八斗透露了一点儿情况。燕玲顿时就明白了。
她问:“要我去斡旋吗?”她用词很讲究,很有点外交色彩。
八斗为难,“别说了”。又矛盾地问:“要不侧面敲敲呢?”再说:“算了,免得她炸毛。”
燕玲回:“她跟我炸不着,头些天还好好的。没事儿,我知道分寸,你别管了,有消息随时告诉你。”
日夜轮转,燕玲那边迟迟没消息。八斗觉得这次他又失算了。张燕玲跟冯一笑沾亲,她总不会因此站在他这个外人这边。八斗在固安住了几天。三元回来了一趟,见八斗在,还以为他来看妈,没多问。八斗不让兰芝跟三元说实情。
等到第四天,冯一笑还是一个消息没来,八斗有些慌。兰芝看出儿子的跳宕,道:“礼拜六,我陪你回去。”八斗嚷:“不用。”
兰芝说:“你不给人修个台阶,人怎么下来?”
八斗深深叹气。兰芝拍他后背,说:“打起精神来!三条腿的蛤蟆稀罕,两条腿的女人不稀罕!”
当然兰芝也不赞成八斗离婚,这话她也跟八斗明说过。倒不是觉得一笑多好,而是认为离婚再找太麻烦。而且姜兰芝打心眼儿里觉得,八斗要不跟一笑生个孩子,这婚就等于白结。入宝山空手归,亏得姥姥都不认得!只是,当兰芝主动向一笑“赔礼道歉”,八斗又觉得老妈这姿态未免忒低,他在客厅都有点儿坐不住。
卧室门没关严,婆媳的谈话时不时能透出来。
飘飘渺渺地。
姜兰芝的态度很明确,就是八斗不对。她跟一笑说:“你别跟他计较。他就是犯浑!是吧,这不是咱老家,这里是首都北京!你要能出去多挣,我举双手赞成。”话锋一转,“不过八斗也是为你担心,你身体底子本来就薄,别再给折腾完了,你舌苔伸出来我看看。”
兰芝突然下令,一笑来不及抗拒,下意识吐了一下舌头。兰芝沉吟,脸跟揉皱了的纸似的说:“笑,你也是搞这行的,比我懂,你看那舌头根都脱苔了。脾虚!阴虚!知道吗?不能受累,再一个,饮食也要特别注意!”
一笑悚然,她拿起桌子上的小方镜子对着照。兰芝没撒谎,她的舌根上的确有一块斑驳。
一笑道:“妈,我的身体我知道。”
兰芝否决,“你不知道,你知道了也注意不到,”笑着,“放心,八斗的工作我去做,但有一条,你要是不顾自己的身体,我第一个反对。”
“肯定悠着点儿。”小冯也有点不好意思了。
吃软不吃硬的主儿。
兰芝挑破了,说:“你别觉得八斗是在催你生孩子,我就跟他说,别皇帝不急太监急。孩子生不生,什么时候生,笑笑说了算。”
一笑投桃报李地道:“妈,这事儿一直都在日程上,就没下来过。只是缘分、运气还没到。”
姜兰芝上前半步,说:“笑笑,我有个建议不知当讲不当讲。”这话是她从电视剧里学的。突然跑出来,还颇有点格格不入的喜感。
一笑微哂,说该讲就讲,不见外。
兰芝这才道:“我就觉着,你创业,我能给你当个生活助理,你的吃穿用度,我都给你管着,肯定是高规格高待遇,但有一条,你得给我开工资。”

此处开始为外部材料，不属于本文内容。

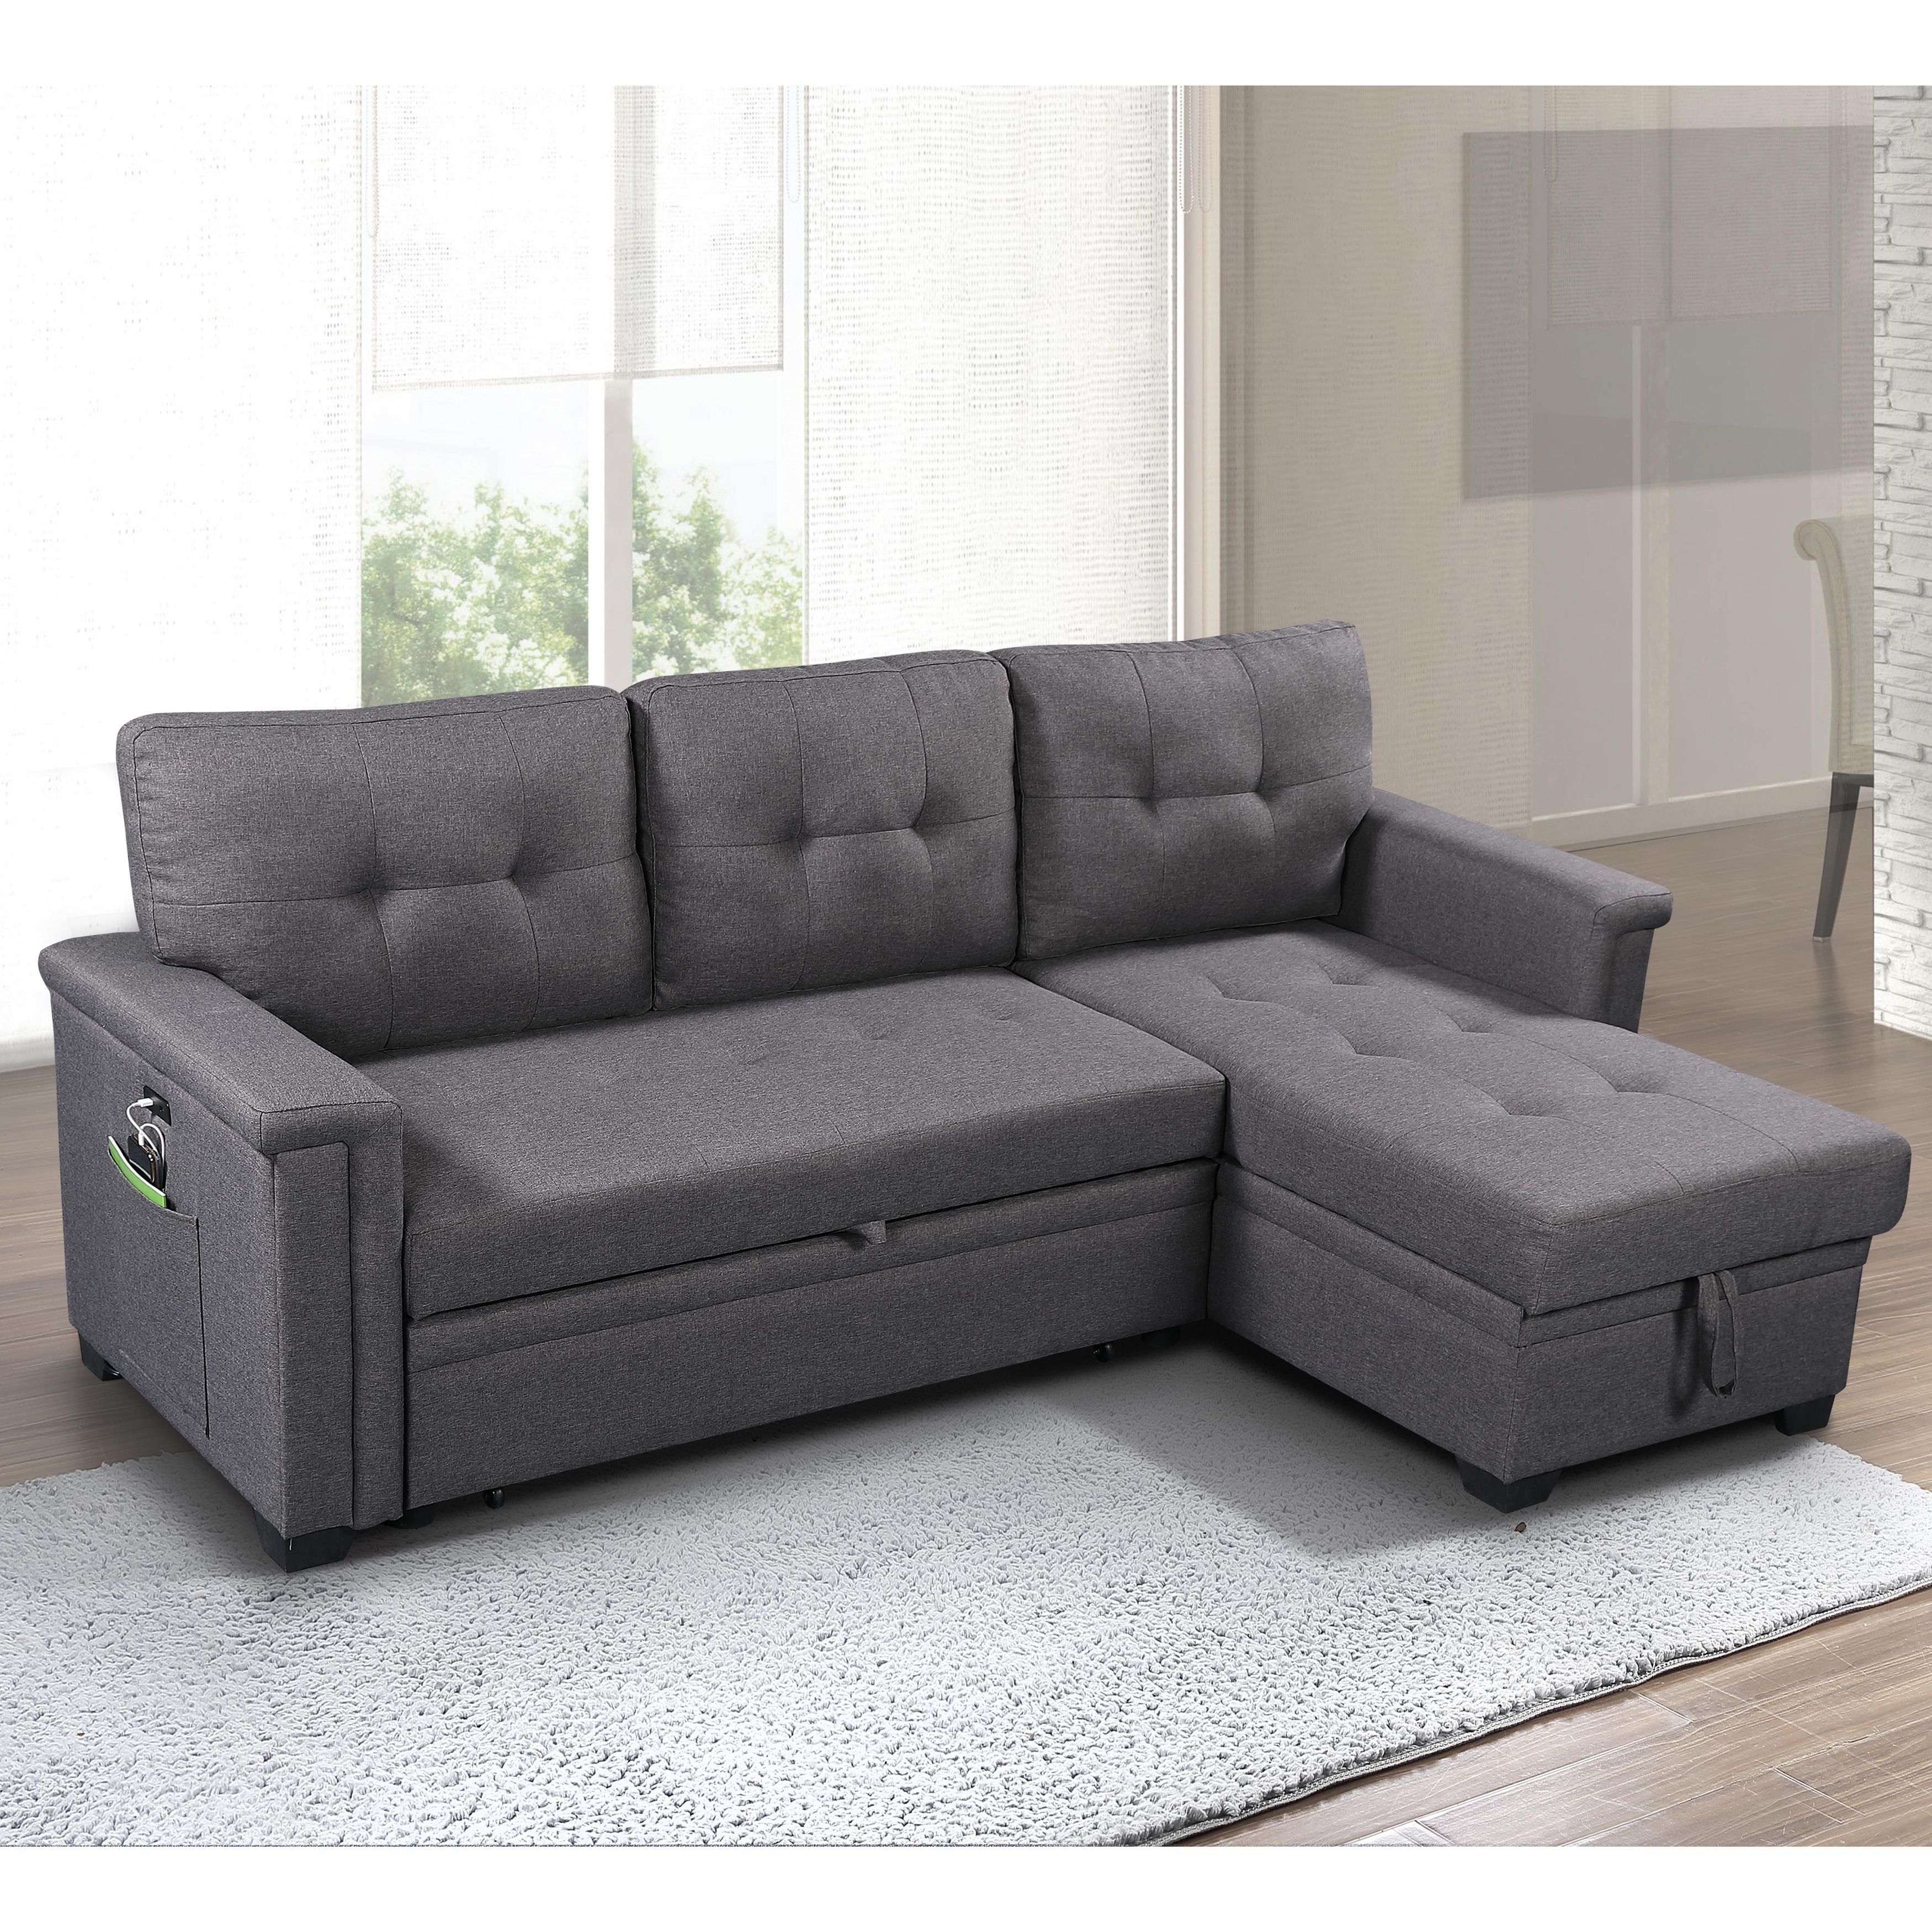 Ashlyn Reversible Sleeper Sofa With Storage Chaise – – 30144937 Pertaining To Convertible Sofa With Matching Chaise (View 2 of 20)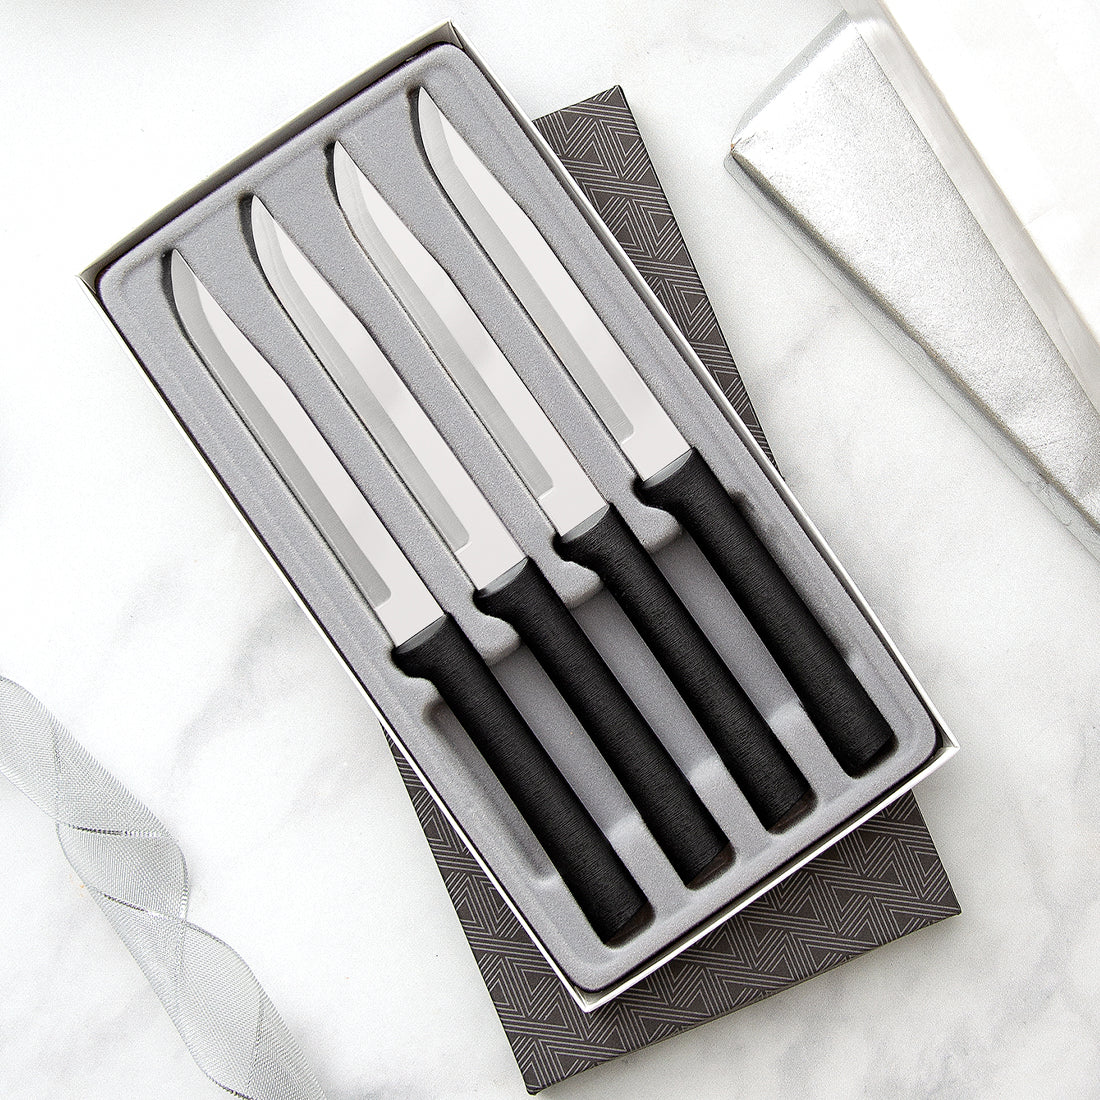 Four Utility/Steak Knives Gift Set with silver handles in a black-lined gift box.

此言一出,一笑没有应答。八斗搁外头听着,也觉得老妈这建议实在是天方夜谭。婆婆给儿媳妇当助理?还生活助理?别说根本就磨不到一块儿,而且伦理上有点倒置。八斗不舒服,他觉得他妈这姿态低得有点没自尊了。
龚八斗忍不住往屋里走,推开门。兰芝正好逮住他,道:“跟笑笑道歉!”
比玉皇大帝的圣旨还具强迫性。
八斗脸上挂不住,但还是照做。走上前,说老婆,对不起。兰芝对一笑说“就这么定了,这个家以后你说了算。”
冯一笑不接这高帽子,“妈,不是这意思,我的事我说了算,大家的事肯定大家商量着来”。
兰芝笑说:“反正,咱家也就等于是一个公司,你是董事长,八斗是总经理,我是董事长助理。”
一笑和八斗对看一眼,如坐针毡,都不自在。